TASK PROMPT: Retype each line of the material below word for word; pictures stay out.

SOURCE MATERIAL:

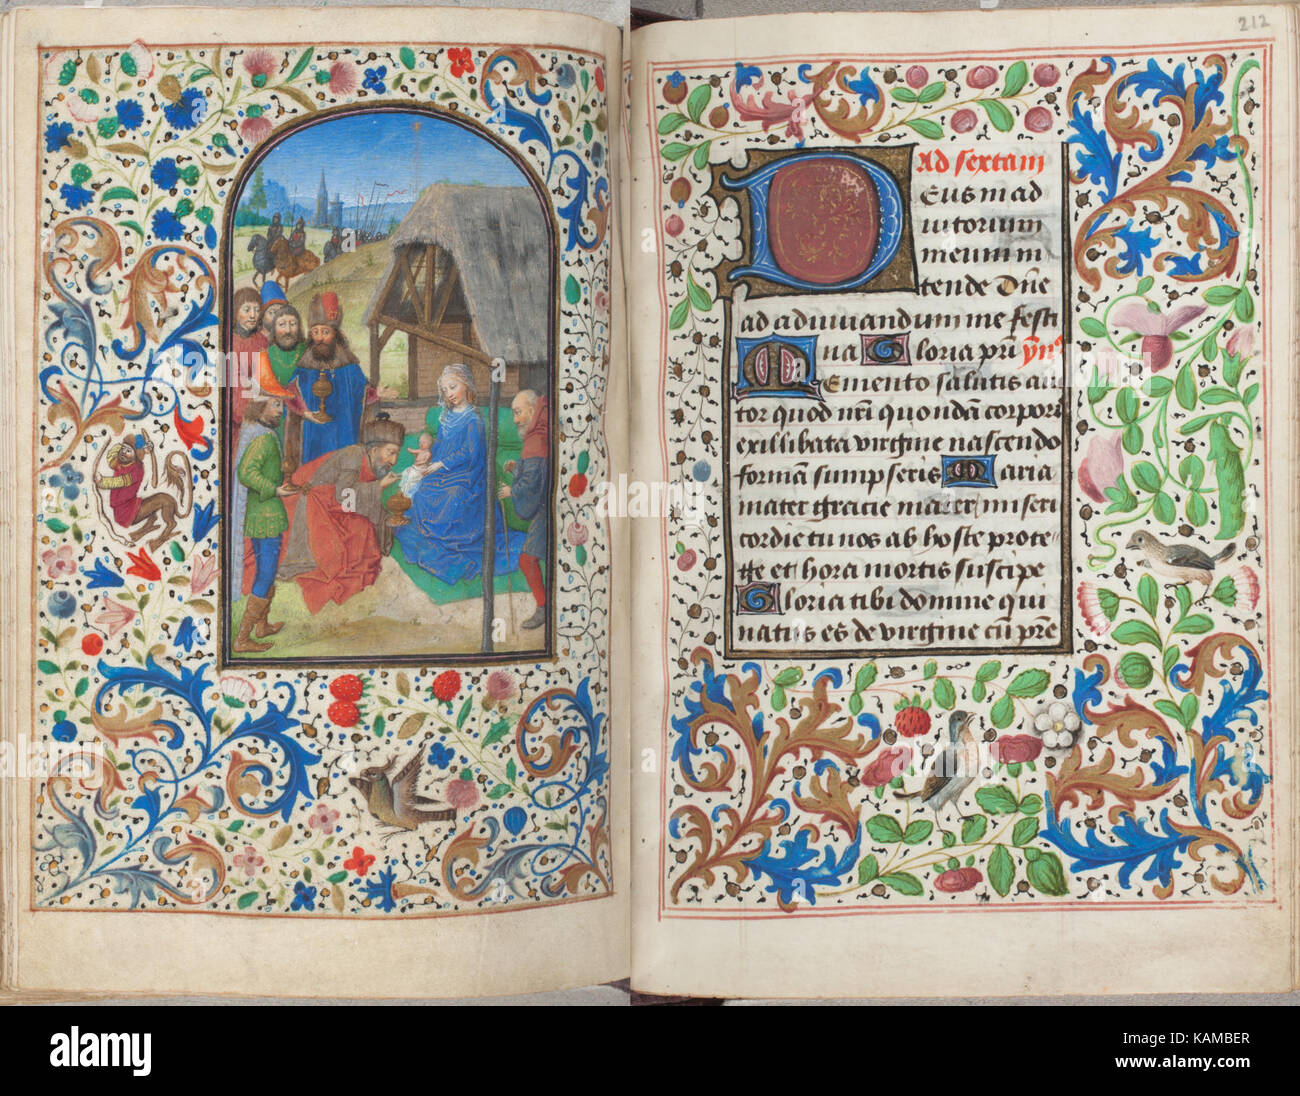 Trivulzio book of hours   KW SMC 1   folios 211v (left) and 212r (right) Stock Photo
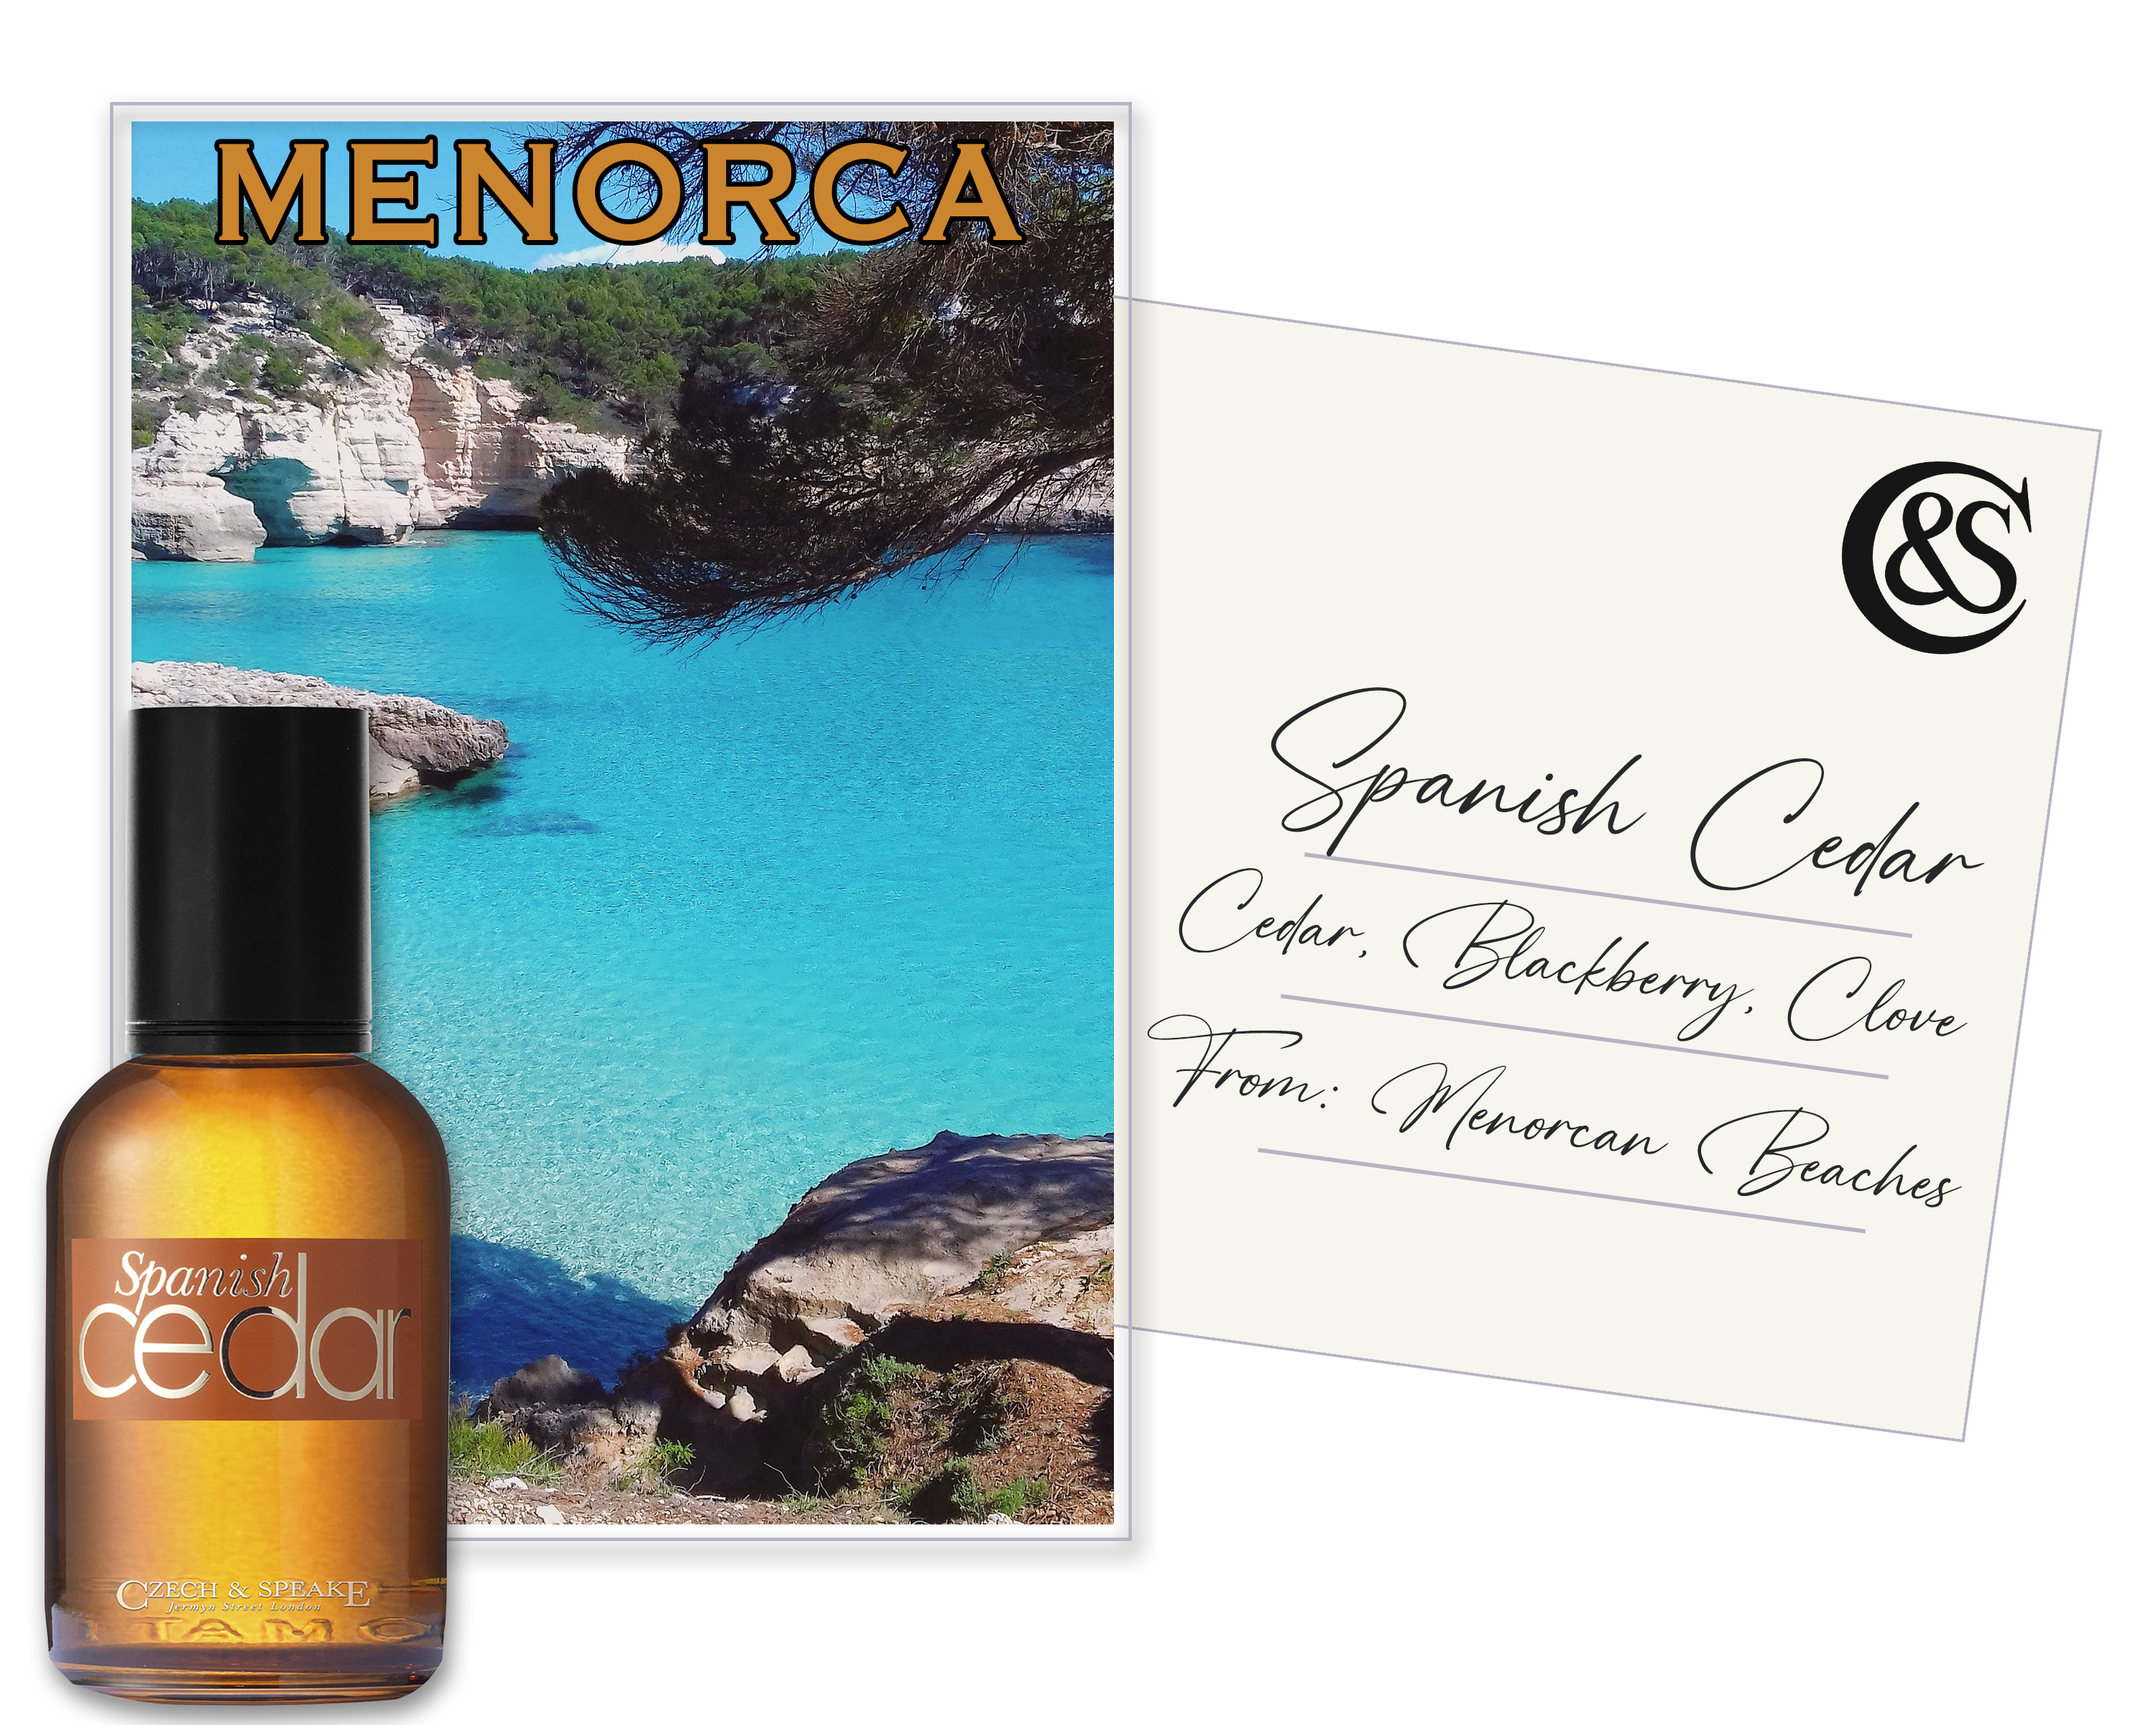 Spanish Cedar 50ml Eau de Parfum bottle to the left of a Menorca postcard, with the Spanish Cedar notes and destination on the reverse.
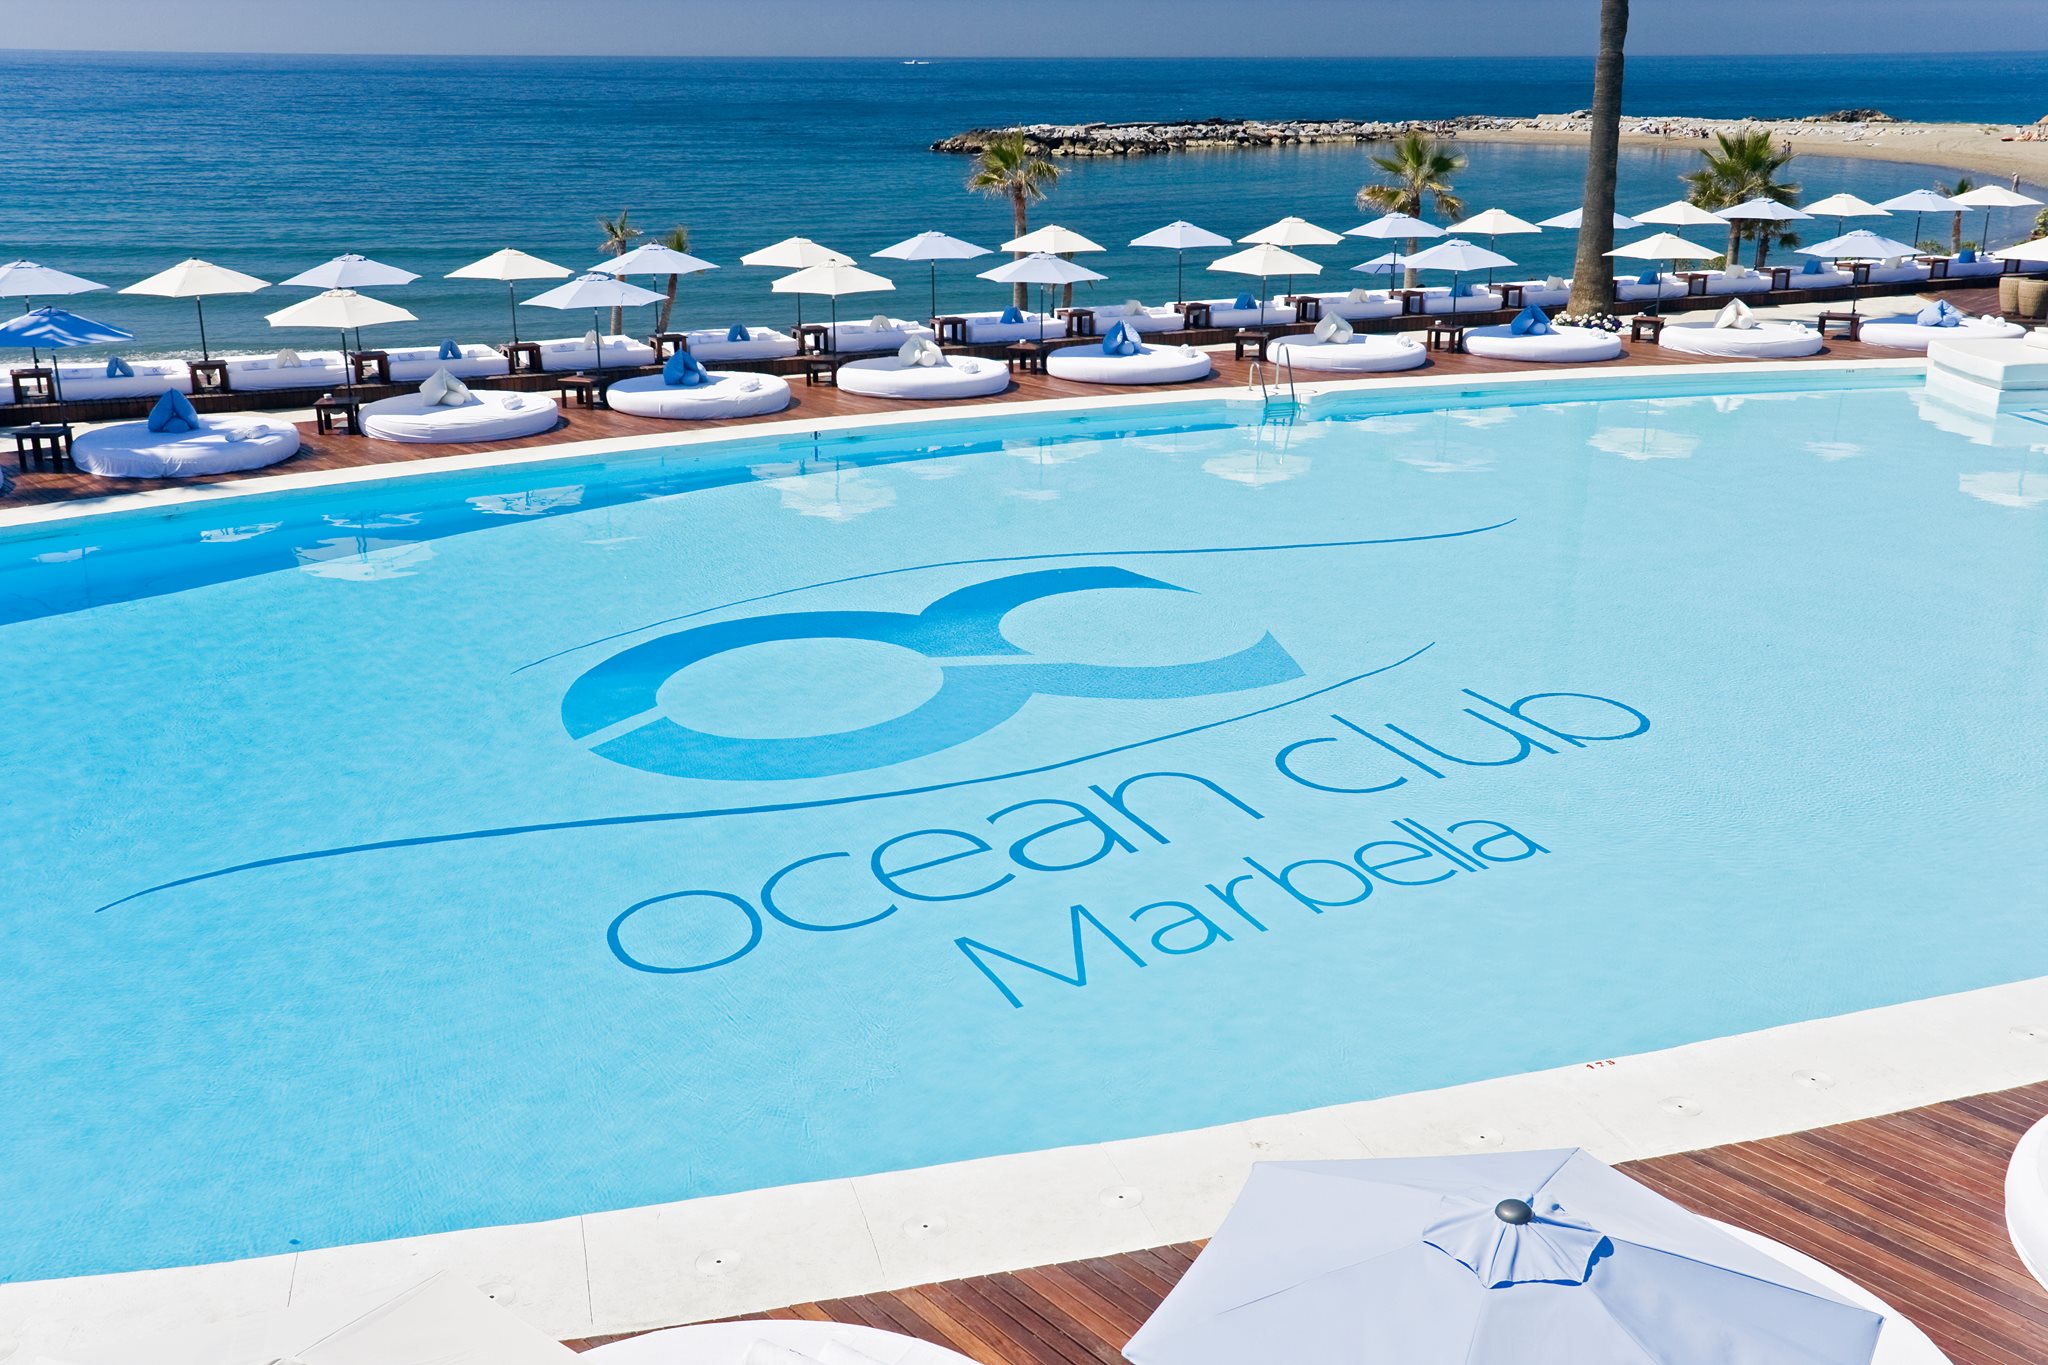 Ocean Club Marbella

TASK RESULT:
 Trivulzio book of hours   KW SMC 1   folios 211v (left) and 212r (right) Stock Photo
 Spanish Cedar 50ml Eau de Parfum bottle to the left of a Menorca postcard, with the Spanish Cedar notes and destination on the reverse.
 Ocean Club Marbella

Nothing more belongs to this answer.